Жолливе берет ртути, свинцу, олова, плавит их в чашечке и бросает туда кусочек философского камня; тогда на моих глазах происходит нечто похожее на галлюцинацию.
Металл сгущается, становится вязким, сжимается, и внезапно на его поверхности явственно видна золотая пленка. Внимание мое удваивается; я с трудом верю своим глазам.
Неужели произойдет превращение?
Но амальгама превращается в странного оттенка призму.
Это то, что старинные алхимики называли «хвостом павлина», – говорит Делассю.
Так это не золото? – спросил я, чувствуя себя несколько разочарованным.
Это конечно золото, – подтвердил Жолливе, – но золото временное, «неустойчивое»; оно образовалось, потом растворилось… Пока еще мы только ищем «прочное золото», но мы не отчаиваемся, – прибавил он с некоторой меланхолией.
Молодые алхимики признались мне по секрету, что после трех месяцев нагревания, по небрежности лабораторного служителя, произошло резкое охлаждение печи и баллон лопнул.
Значит, весь опыт пропал даром? – спросил я.
Не совсем, – возразил Жолливе.
И он показал мне приставшую к осколкам баллона белую пленку.
Это вещество, – объяснил он мне, – после некоторых манипуляций получит способность превращать другие металлы в серебро…
Между тем огонь пылает не переставая, аламбик все время нагрет до 300 градусов.
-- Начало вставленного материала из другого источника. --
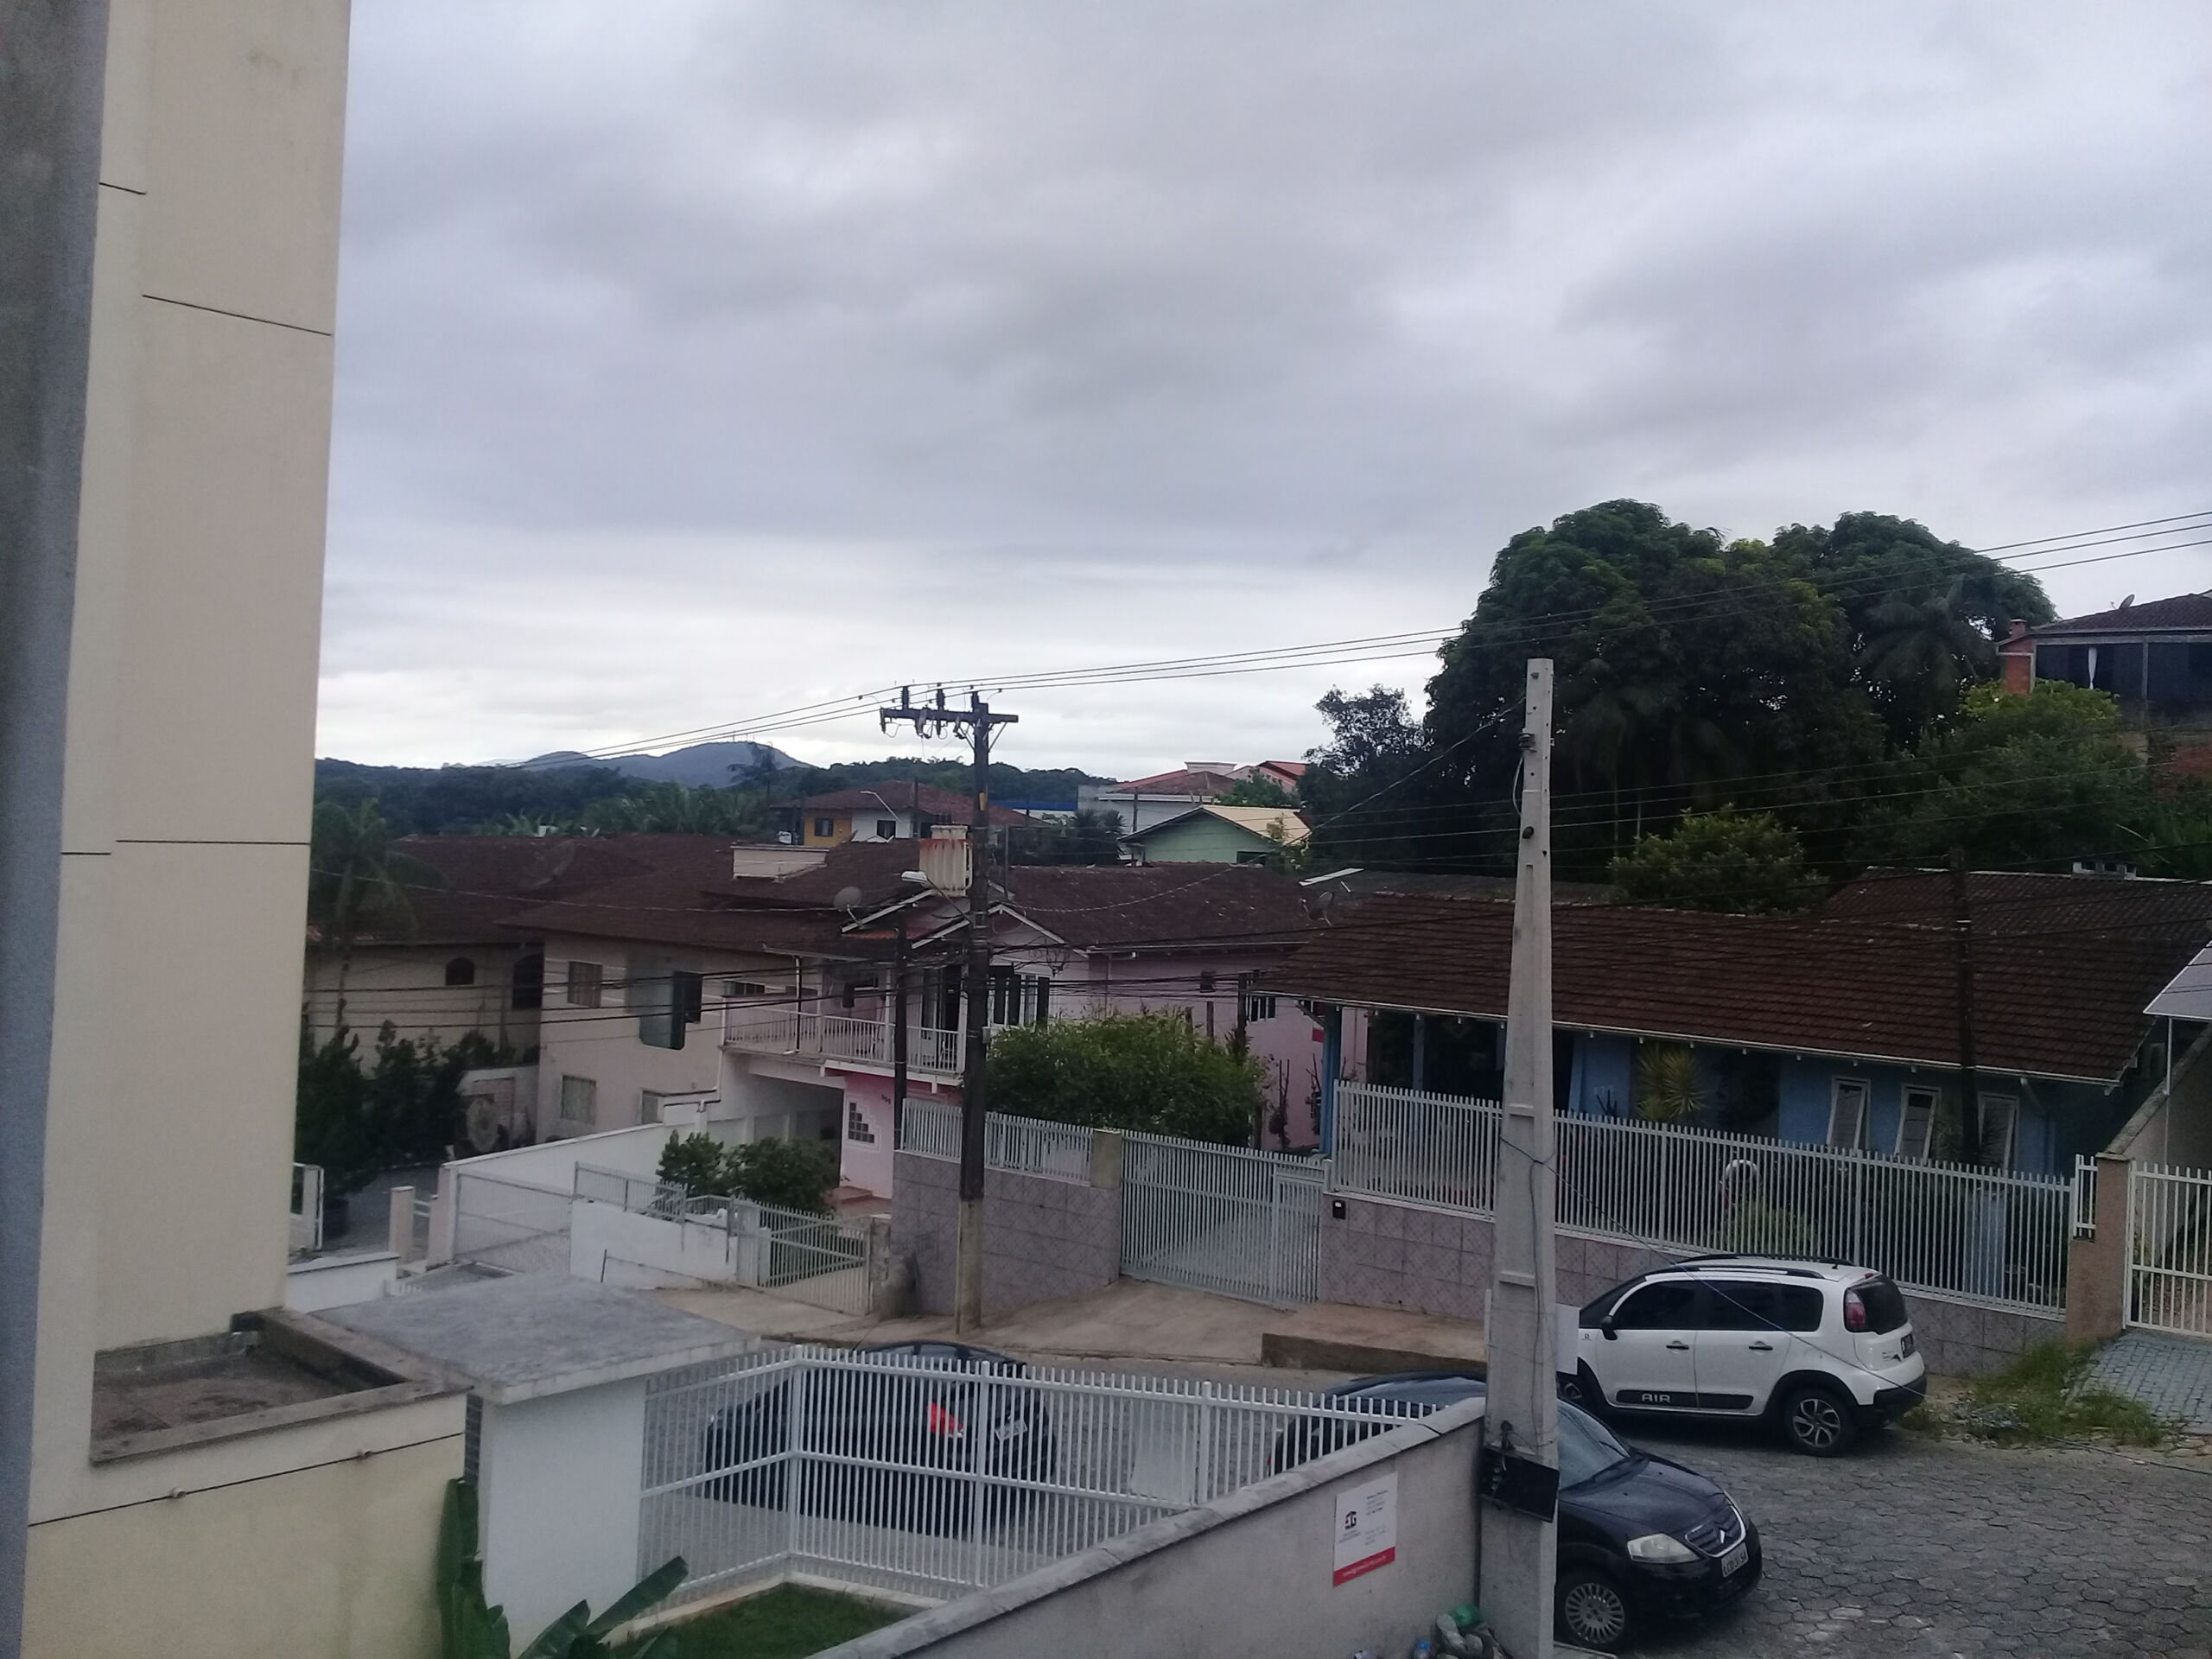 Sobrado Geminado – 3 dormitórios(1 suite) – Lugar alto – Vista panorâmica – Nova Brasília
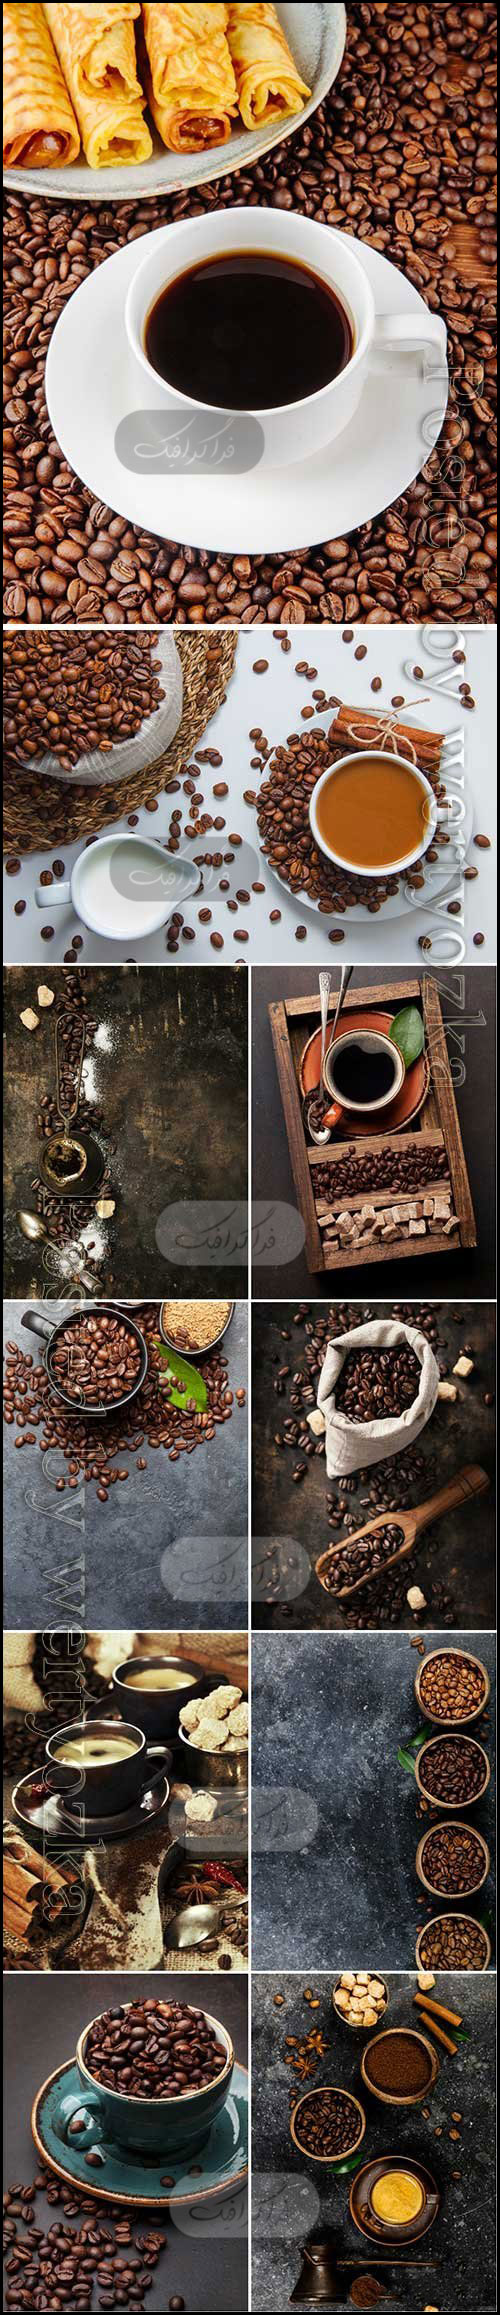 دانلود تصاویر استوک قهوه و فنجان قهوه - شماره 4

Эти молодые люди терпеливы, как старики.
Мы вновь начали опыт, – говорит Хуг, – и, если счастье нам улыбнется, мы надеемся в начале будущего года показать вам первый слиток искусственного золота!
Я обещал побывать у них…
Что касается до меня, то я вижу в алхимии не столько химическое предприятие, слишком трудно еще выполнимое, сколько прекрасную и страшную проблему духа – тяжелого и темного под земной своей оболочкой и силой воли и страдания поднимающегося к своему лучезарному прототипу. В глубине каждого философа и моралиста скрывается алхимик.
История философского камня, это – легенда души очищающейся, переходящей от бессознательности, от познания путем страстей к торжеству воли и добродетели; это – история святых и героев. То же происходит и с поэтами; в них всегда скрывается астролог, и никогда они не поверят, что звезда волхвов не смотрит незримо на землю…
Оккультист не желает быть, как другие, лишь скромным, простым исследователем и точным экспериментатором. Он слишком дорожит своими грезами и предвзятыми теориями, которыми тешится его расстроенное воображение.
Положим, вы берете оккультиста, разбиваете его слабые аргументы, показываете всю бедность его доказательств; вы напрасно требуете от него или доказательств логических, или твердо установленных явлений. С полным основанием вы считаете его побежденным и убежденным; конечно, так оно и есть. В запасе у него остается только одна увертка. Лафонтеновский кот сбивал с толку своих преследователей, влезая на дерево; оккультист прячется за великие клятвы, данные, по его словам, тем тайным обществам, где он состоит членом.
– Мы обладаем, – говорит он, – непогрешимыми методами, непобедимыми формулами, позволяющими нам властвовать над силами природы и разума. Но профаны недостойны таких откровений. Поэтому или вы должны восхищаться нами, и мы вовсе не обязаны сообщать вам, почему именно, или же следуйте за нами, то есть доверьтесь и повинуйтесь нам.
Люди, привычные к умственной деятельности, нелегко попадаются на обман; они знают, что истина не может быть посажена в клетку; она принадлежит тому, кто ее завоюет; она – секрет, который можно шепнуть на ухо, и тем осторожнее, чем более он лишен всякого значения…
Даже близкое знакомство с маленькими мистическими обществами не дало мне веры ни в их влияние, ни в научные их познания. Что бы они ни болтали о своей легендарной древности, все они были основаны во второй половине XIX столетия. Организованы они по образцу франкмасонства, но представляют лишь слабую на него пародию. Без сомнения, розенкрейцеры существовали, особенно в Германии. Думаю даже, что это были более мистификаторы, чем мистики.
Я думаю, что слово «оккультизм» существует только со времени Средних веков. Ранее существовал «эзотеризм», что не совсем одно и то же.
Греческие и латинские философы давали название «эзотерической секции» классу, составленному из избранных учеников, которым преподавались вещи, наиболее отвлеченные и непонятные для других учеников. Традиции эзотеризма в указанном мною смысле существовали и в первых веках христианства.